IN the fertile fields of genetics, the road to living longer could provide new solutions for old problems, or at least perpetuate the scientific search so that that progressive deterioration called aging is prolonged, along with a better quality of life.

Many researchers are convinced that human beings can live to be 120 years old, but they also know that in order to do so, many factors come into play, including nutrition, medical attention, the environment, culture, exercise, motivation and genetics, among others.

Life expectancy has gradually increased throughout history, but it was during the last century and the beginning of the current one that the possibility of living to the average age of 75 or older became a reality.

Despite the inequality that exists throughout the world, knowledge of the causes of most diseases, vaccines, antibiotics, the evolution of diagnosis techniques, the advance of surgery and the development of pharmaceutics and dietetics are among the factors resulting in a much longer life expectancy than our ancestors.

Paradoxically, according to scientists, the longer people live, the greater possibility there is that their body develops diseases that stem from cellular degeneration.

Many of those dedicated to the research and development of knowledge on increasing life expectancy and improving health have focused their studies precisely on that area: the cells. Slowing deterioration of the whole can be done, presumably, by slowing the aging of the parts, especially the most miniscule. Specialists believe that the greatest signs of aging have their microscopic basis in cellular aging. When a cell divides, it should duplicate all of its components, including chromosomes, thus giving way to identical offspring.

In the ends of chromosomes, a fundamental piece or sequence may be found that controls the life of all the cells in a body: the telomere. With each division that the cell undergoes to give way to a new one, this segment becomes smaller. This telomere erosion marks, like an implacable biological clock, the maximum time that a cell may live. It is estimated on average that each cell may divide 50 times. Then, the chromosomes will have shortened enough to reach a critical point, and initiate the process of cellular death.
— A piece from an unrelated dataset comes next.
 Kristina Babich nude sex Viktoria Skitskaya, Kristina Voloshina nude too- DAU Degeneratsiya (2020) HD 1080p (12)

The size of a telomere is related to the number of times that the cell has divided. This process occurs in normal somatic cells; however, in germinal cells, as in embryonic ones, the presence of an enzyme called telomerase prevents that erosion, adding telomere repeat sequences. It restores the telomere sequence, thus prolonging cell life, maintaining its ability to duplicate itself.

The death of cells may appear to be an unfortunate occurrence, but, as with the entire human body, it responds to a delicate and complex synchronized system. When something fails in the system, and a cell that was supposed to die continues to live, mutational defects may appear, alterations in its future replications. Many scientists accept the theory that the majority of cancers and other degenerative diseases are produced by the persistence of cells that leap over that critical point of telomere erosion; they continue to live and degenerate.
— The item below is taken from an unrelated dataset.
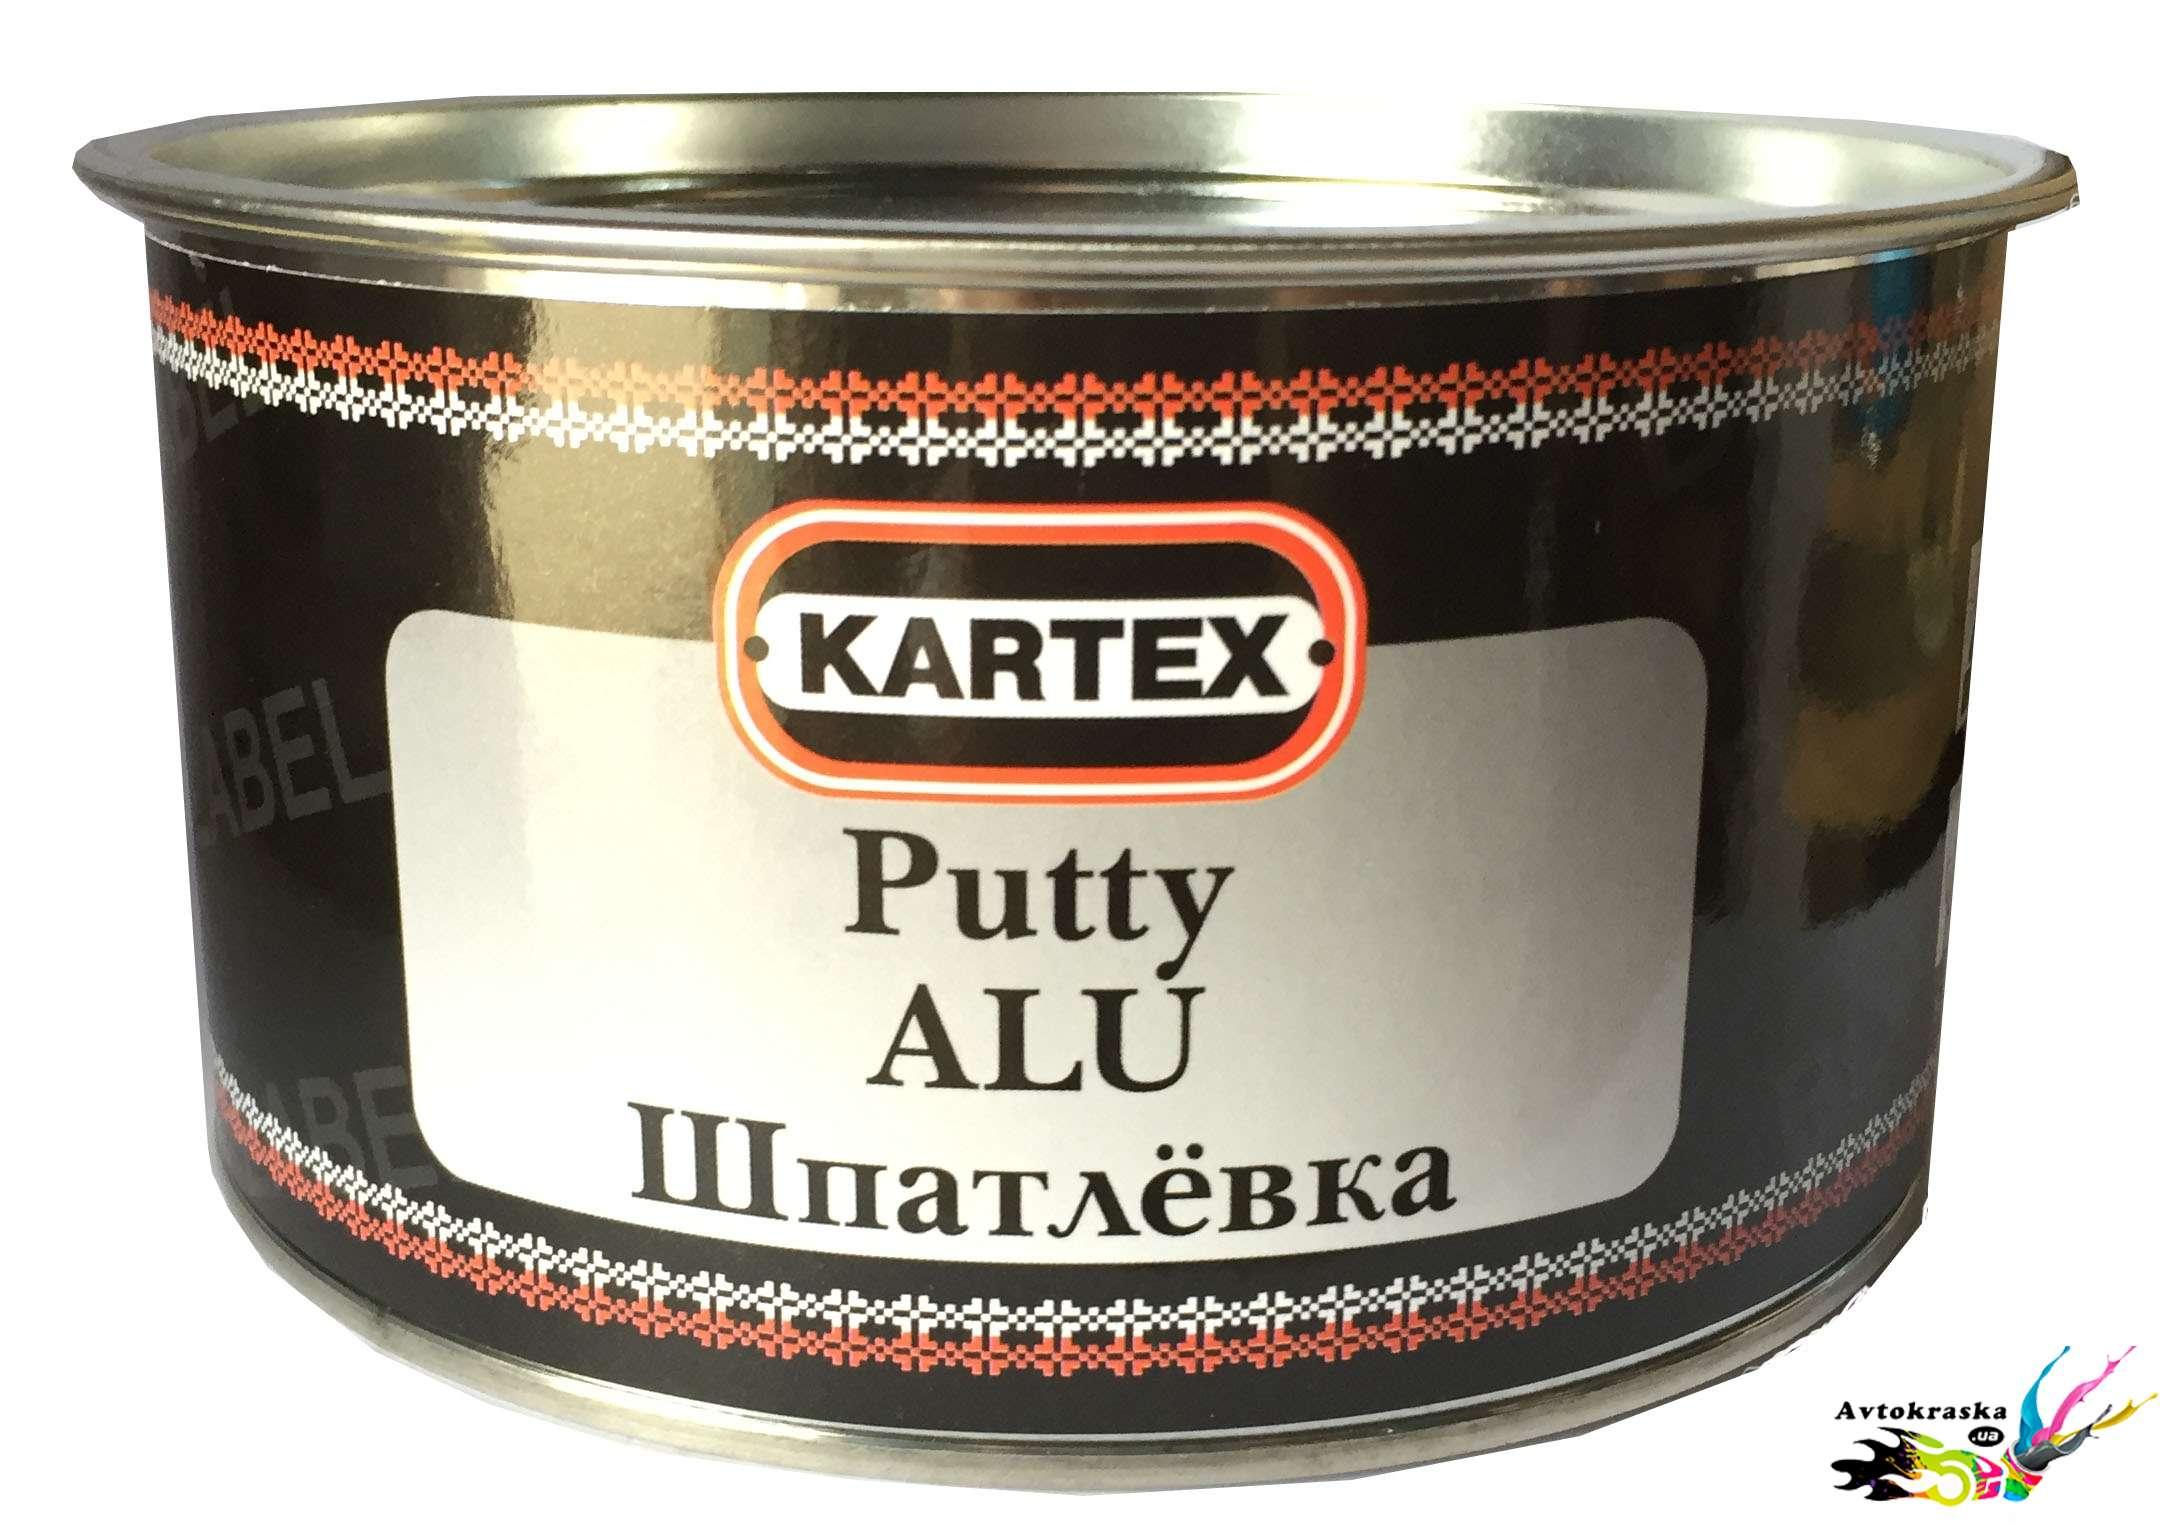 Kartex Шпатлевка с алюминием BL 0,5 кг

It has been demonstrated that this enzyme is expressed in tumorous cells, enabling them not to lose telomere, not to become unstable, and not to die. In this case, the ensured life of the cancerous cell becomes a threat to the body, given that these fatefully long-living cells engender a countless number of new tumorous cells.

Some theories hold that developing telomerase inhibitors could combat tumors, given that those cells would become unstable in terms of the length of their telomeres and would die.

The differences in telomerase activity in the process of cell division for normal somatic cells and the behavior of tumorous cells is what is putting telomerase at the center of current research.

On the one hand, there is a search for their benefits – given that their activity prevents cellular death—, and on the other, the immense possibilities that open up with respect to research on anti-cancer therapies that use telosmerase inhibition to prevent the duplication of tumorous cells.